Sources of information
1. USSR author's certificate N 1264007, G 01 F 25/00, 1986.

 2. Copyright certificate of the USSR N 1413462, G 01 L 27/00, 1988.

 3. USSR author's certificate N 767540, G 01 M 10/00, 1978.

 4. Copyright certificate of the USSR N 676928, G 01 P 5/12, 1977.

 5. US patent N 4468760, 367-13 (H 04 R 29/00), 1982.

 6. Max J. Methods and techniques for signal processing in physical measurements.

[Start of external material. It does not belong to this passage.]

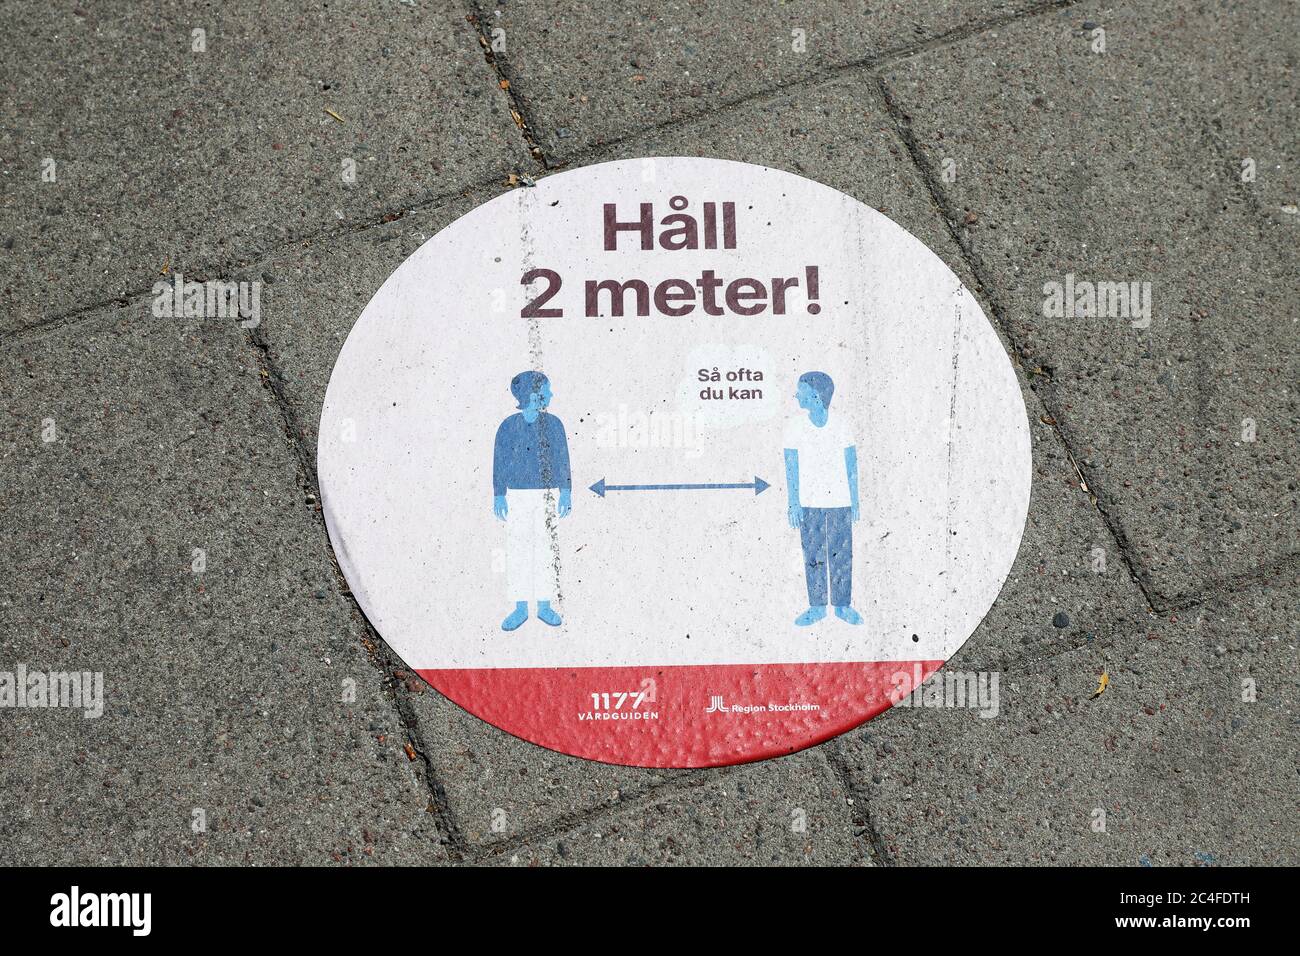 Nynashamn, Schweden - 26. Juni 2020: Aufkleber auf dem Bürgersteig erinnert die Bürger, zwei Meter Abstand voneinander zu halten, um die Ausbreitung der Covi zu reduzieren Stockfoto
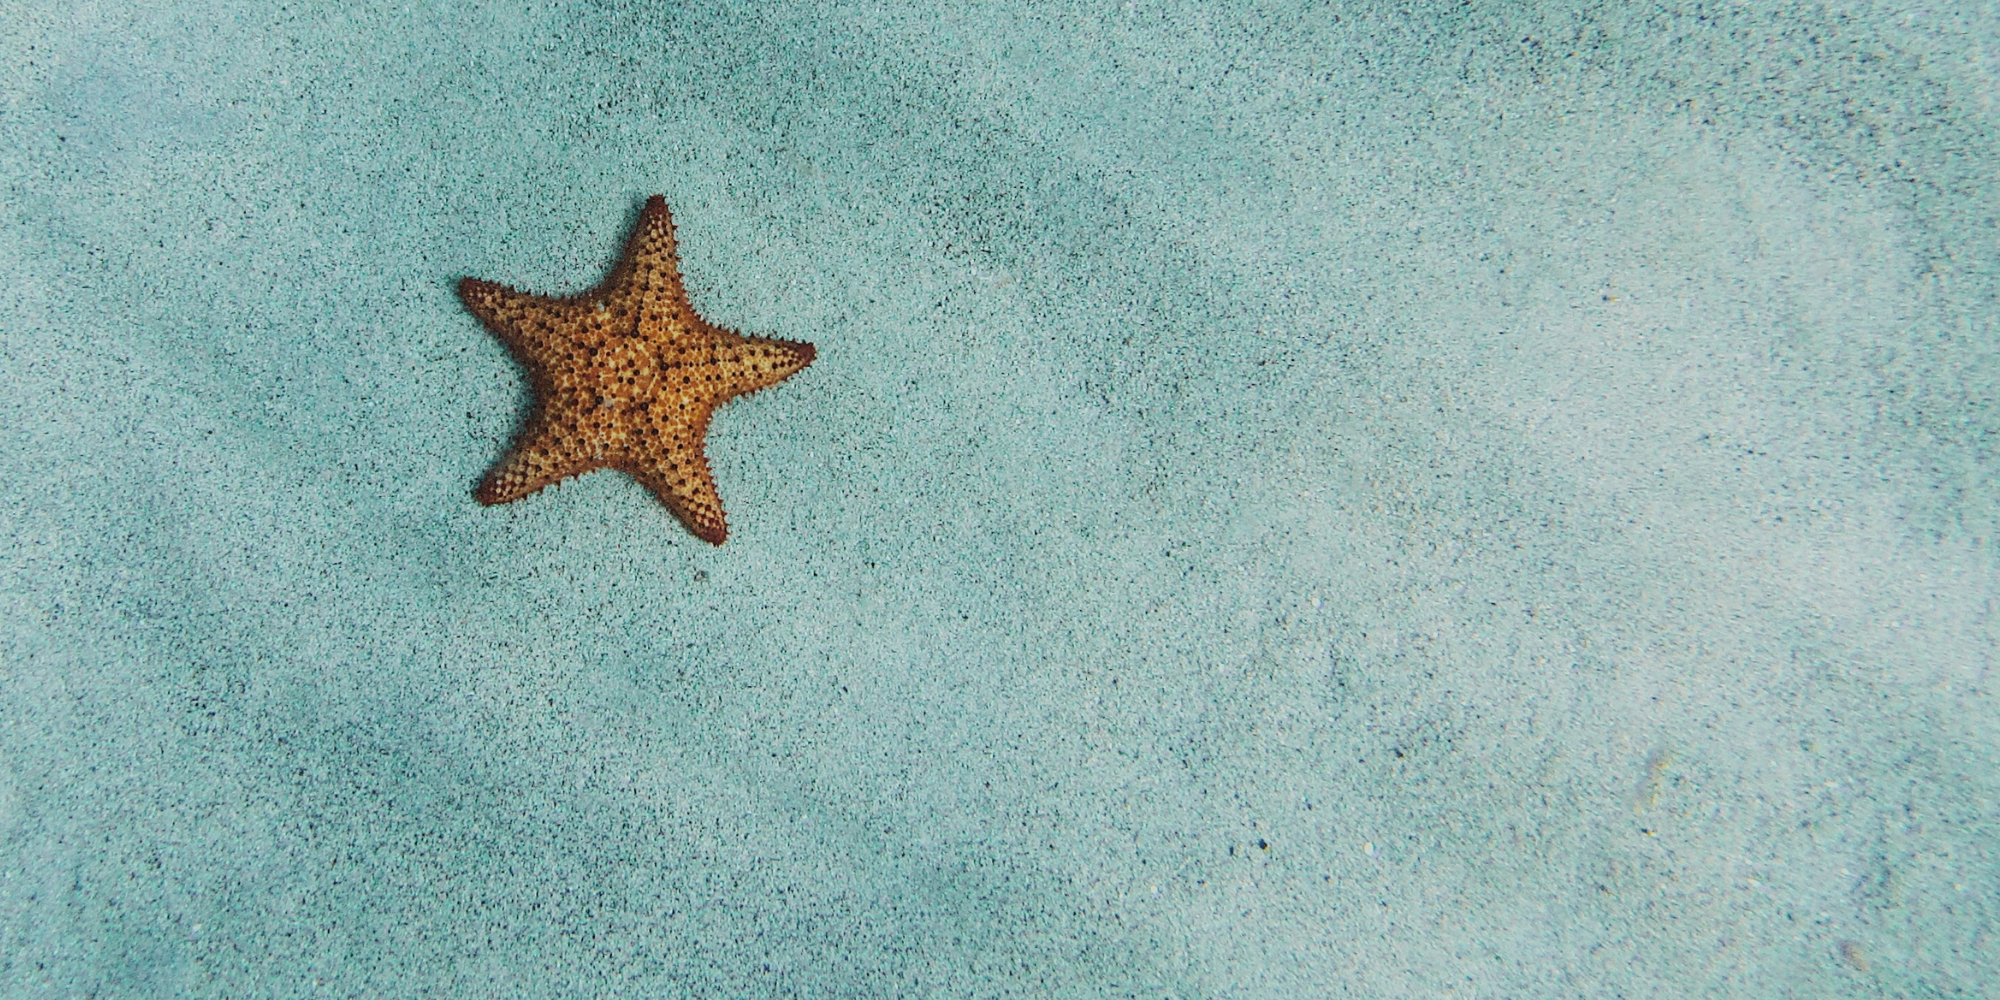 Orange Starfish on the sand under water

T. 1. - M .: Mir, 1983.

 7. Stakhov A.P. Algorithmic theory of measurements. - M.: Science, 1979.

Claims (2)

 1. The method of determining the transfer function of the measuring system, which consists in the fact that harmonic signals of different frequencies are successively fed to the input of the measuring system, the output signals of the system under study are measured at each frequency, and the transfer function is determined by digitally processing discrete samples of the output signal, characterized in that discrete samples of the output signal are selected with a frequency at which the ratio of the sampling frequency to the signal frequency is a fractional number, the same for all parts frequency, while the duration of the analyzed harmonic signal is set equal to an integer number of beat periods between the sampling frequency and the signal frequency.  2. The method according to claim 1, characterized in that the ratio of the sampling frequency to the frequency of the measured signal is set as the quotient of two numbers from the Fibonacci series.